### TASK BRIEF
All of the records below need to be written out exactly, but without the pictures.

### SOURCE DATA

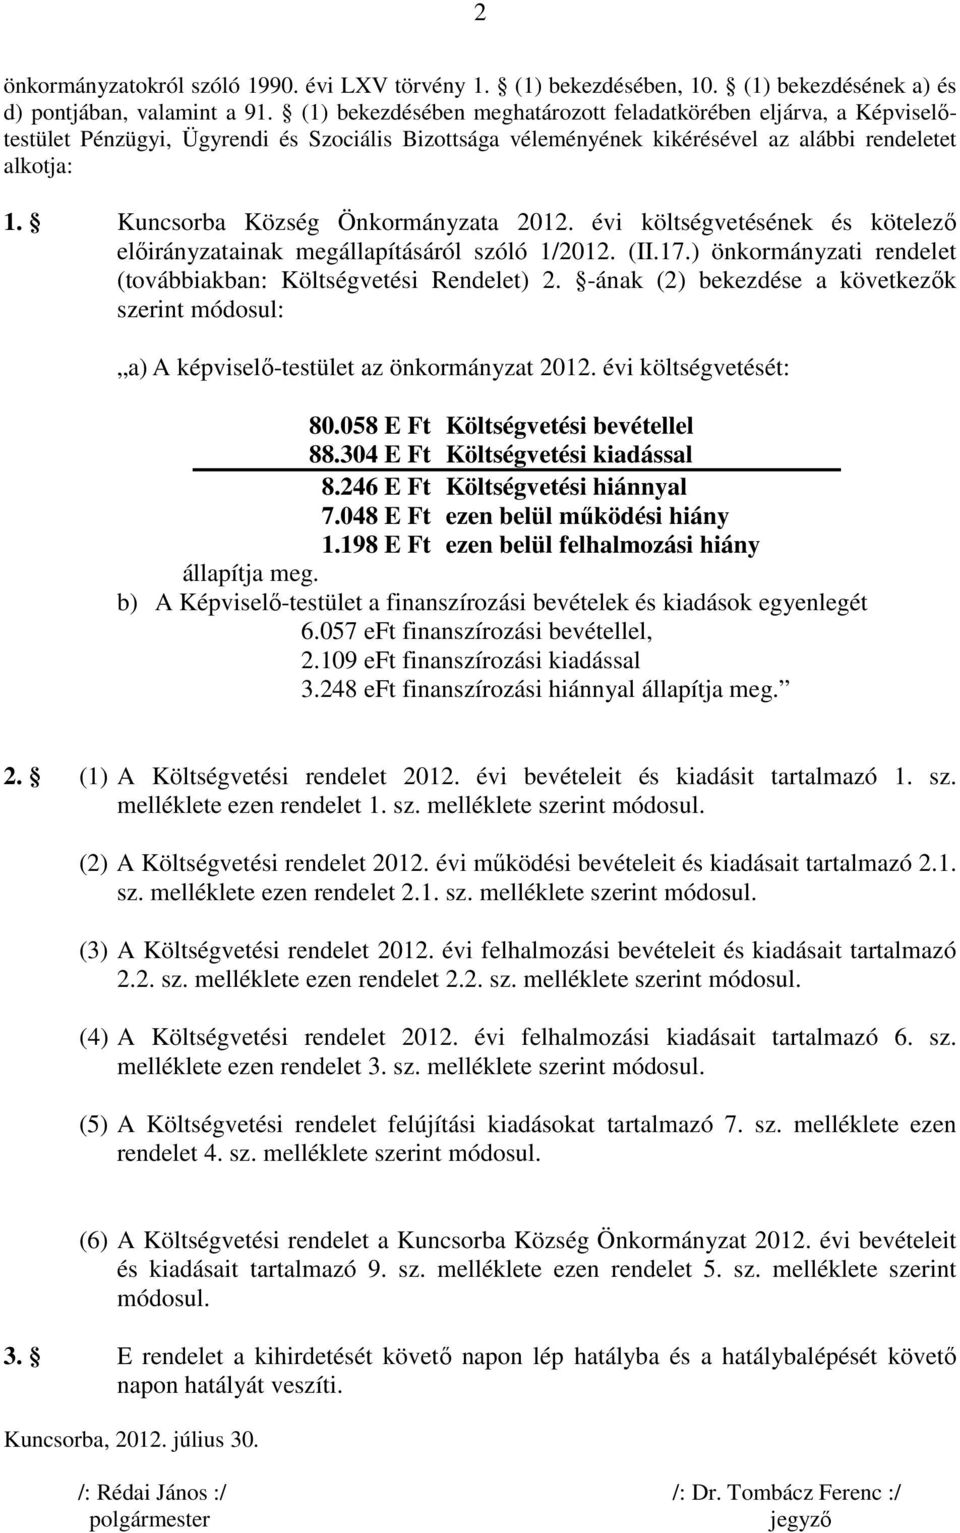 Kuncsorba Község Önkormányzata 2012. évi költségvetésének és kötelezı elıirányzatainak megállapításáról szóló 1/2012. (II.17.) önkormányzati rendelet (továbbiakban: Költségvetési Rendelet) 2.
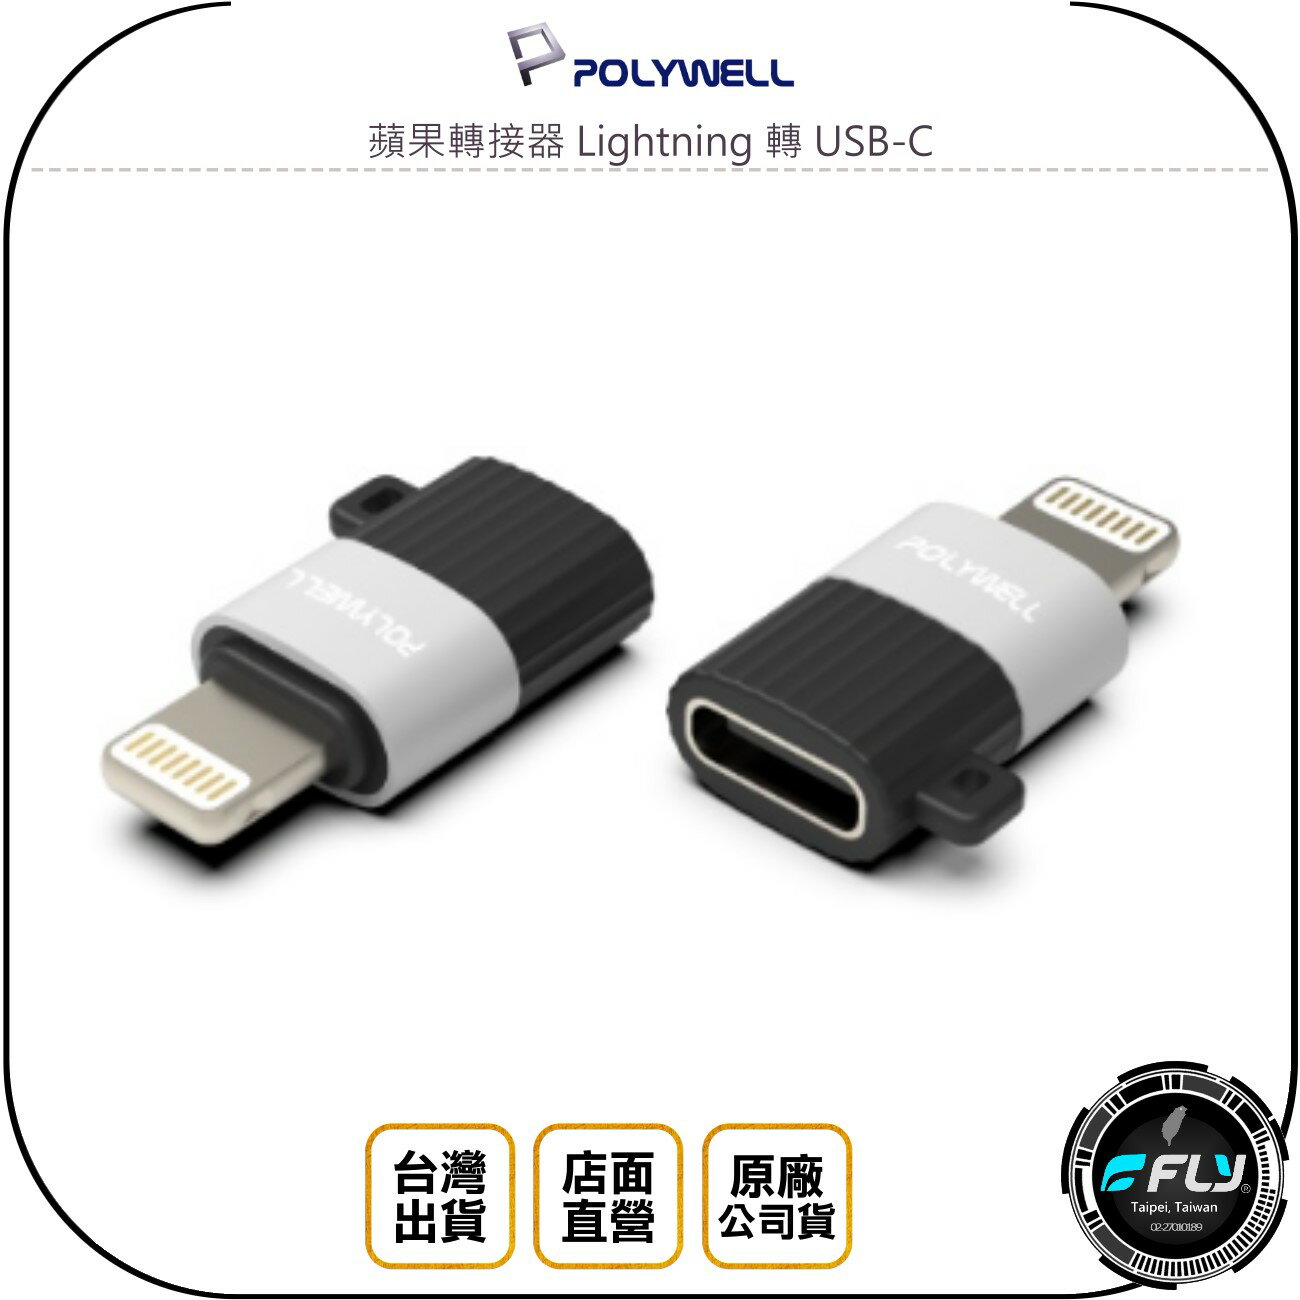 《飛翔無線3C》POLYWELL 寶利威爾 蘋果轉接器 Lightning 轉 USB-C◉iPhone轉TYPE-C
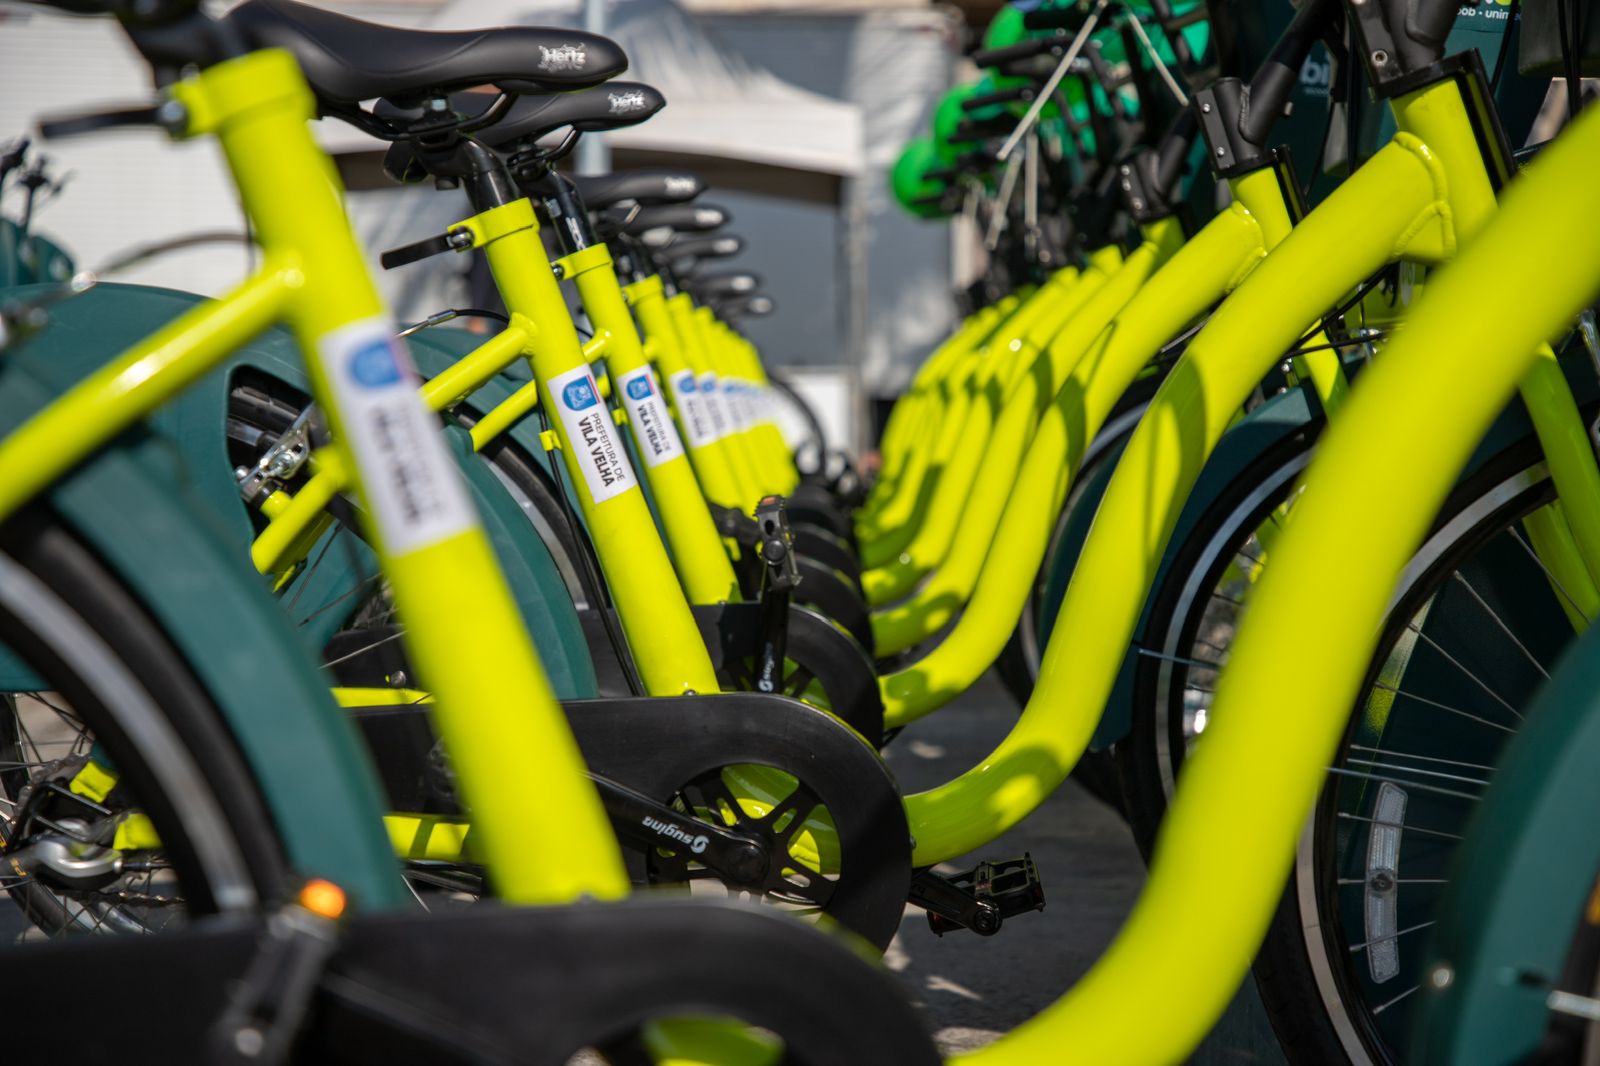 A operação do sistema canela-verde é feita pela mesma empresa responsável pelo gerenciamento do Bike Vitória, o que permitiu a integração; saiba mais
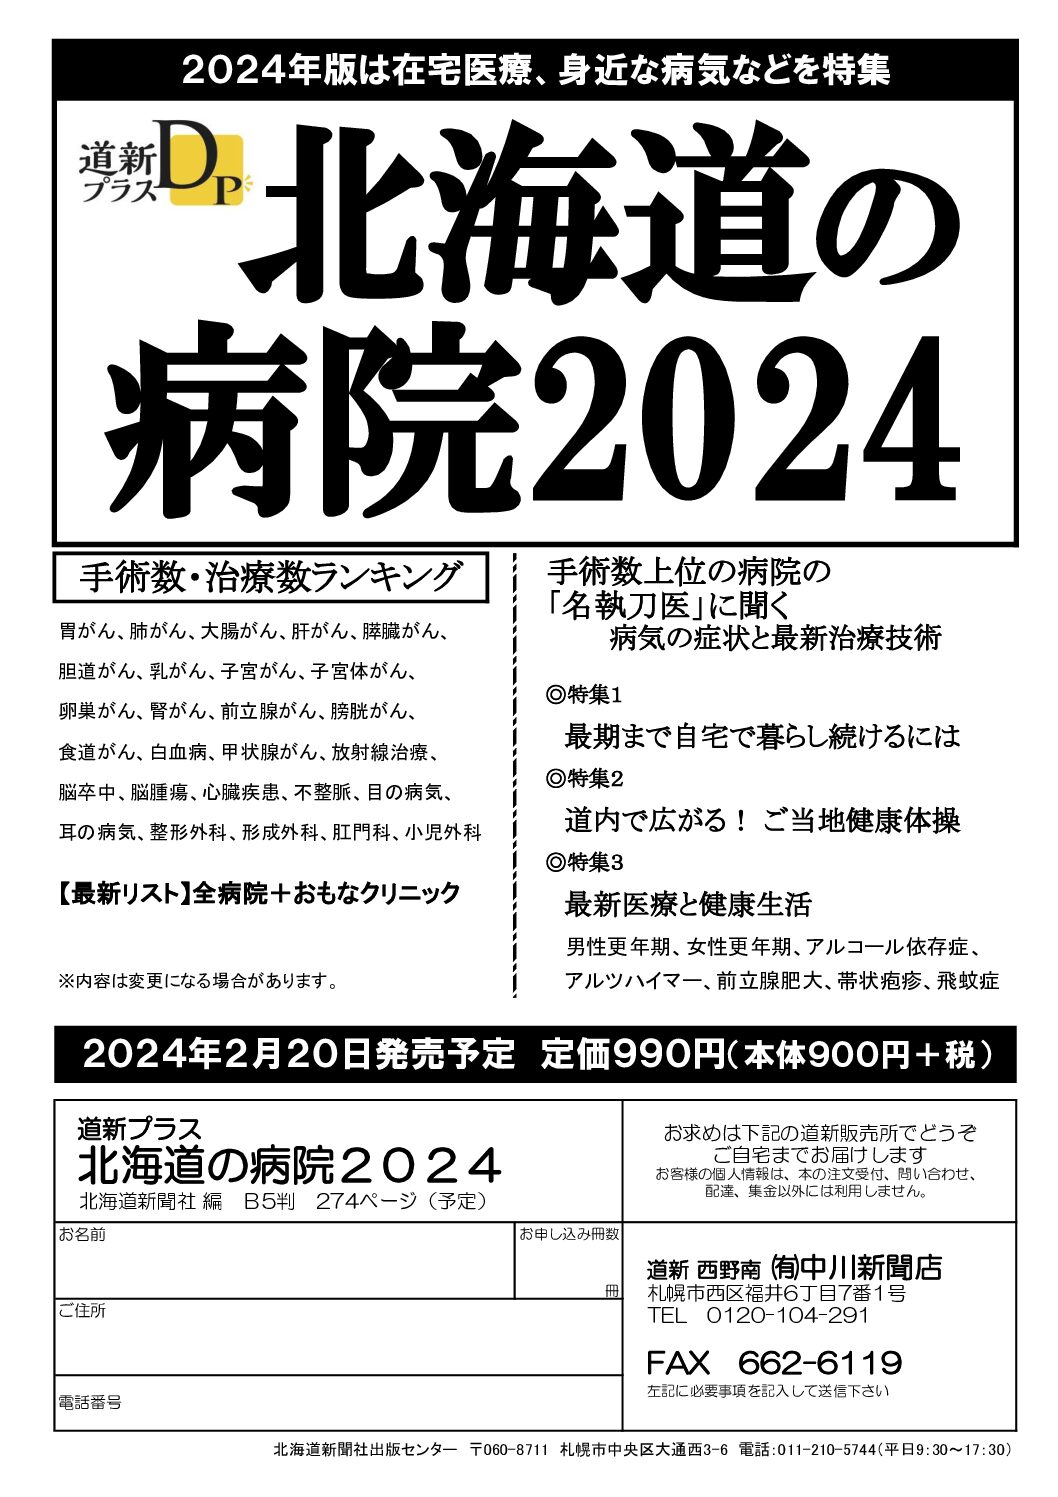 北海道の病院2024image
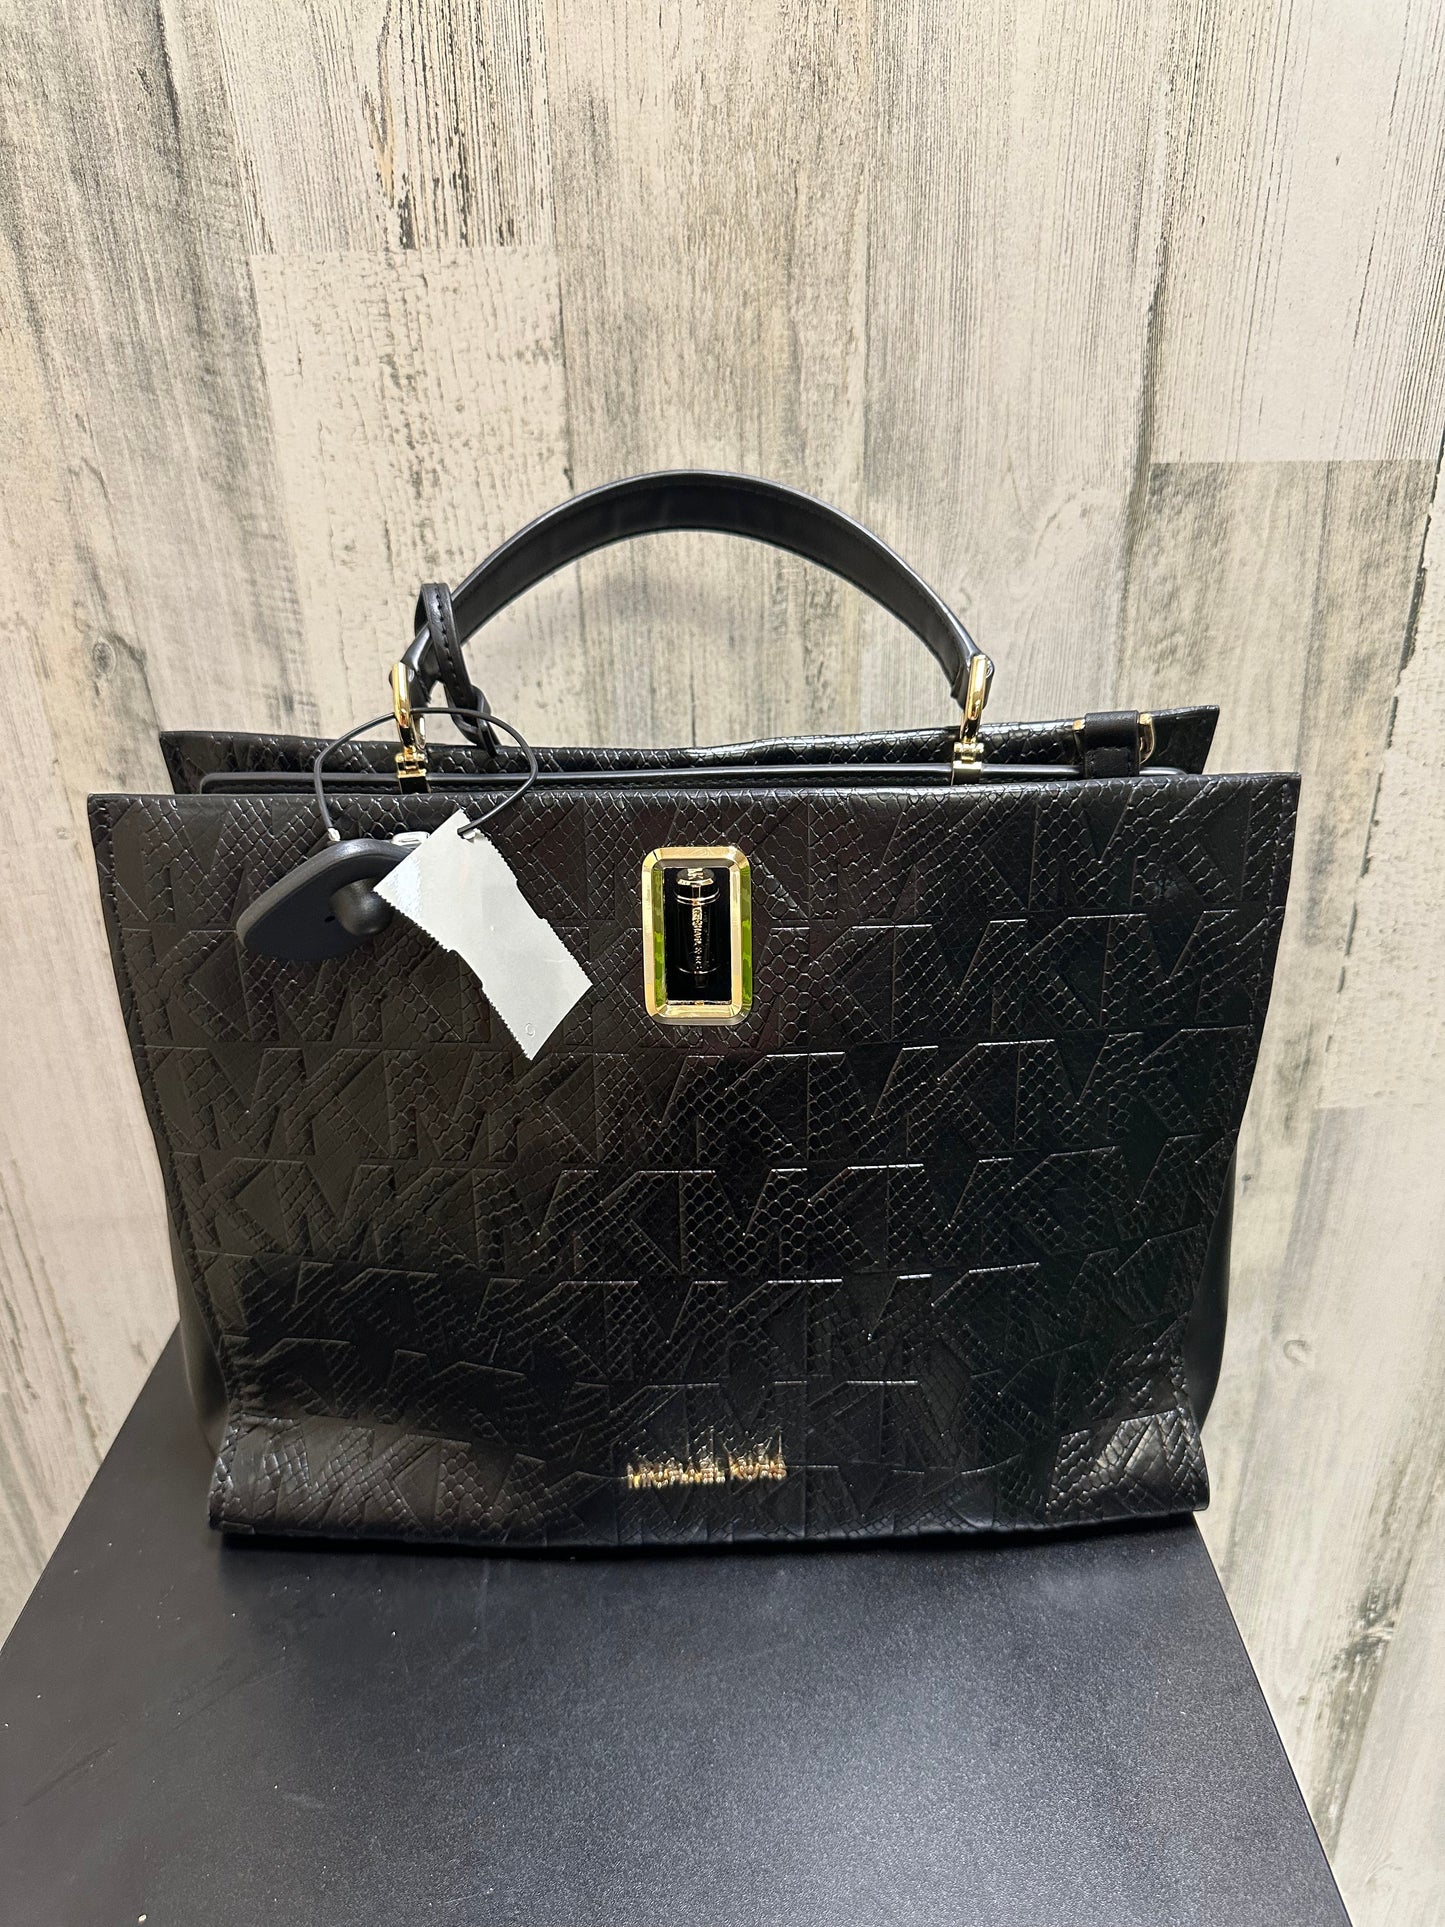 Black Handbag Designer Michael Kors, Size Large

### TASK RESPONSE
 Kuncsorba Község Önkormányzata 2012. évi költségvetésének és kötelezı elıirányzatainak megállapításáról szóló 1/2012. (II.17.) önkormányzati rendelet (továbbiakban: Költségvetési Rendelet) 2.
 《飛翔無線3C》POLYWELL 寶利威爾 蘋果轉接器 Lightning 轉 USB-C◉iPhone轉TYPE-C
 A operação do sistema canela-verde é feita pela mesma empresa responsável pelo gerenciamento do Bike Vitória, o que permitiu a integração; saiba mais
 北海道の病院2024image
 Black Handbag Designer Michael Kors, Size Large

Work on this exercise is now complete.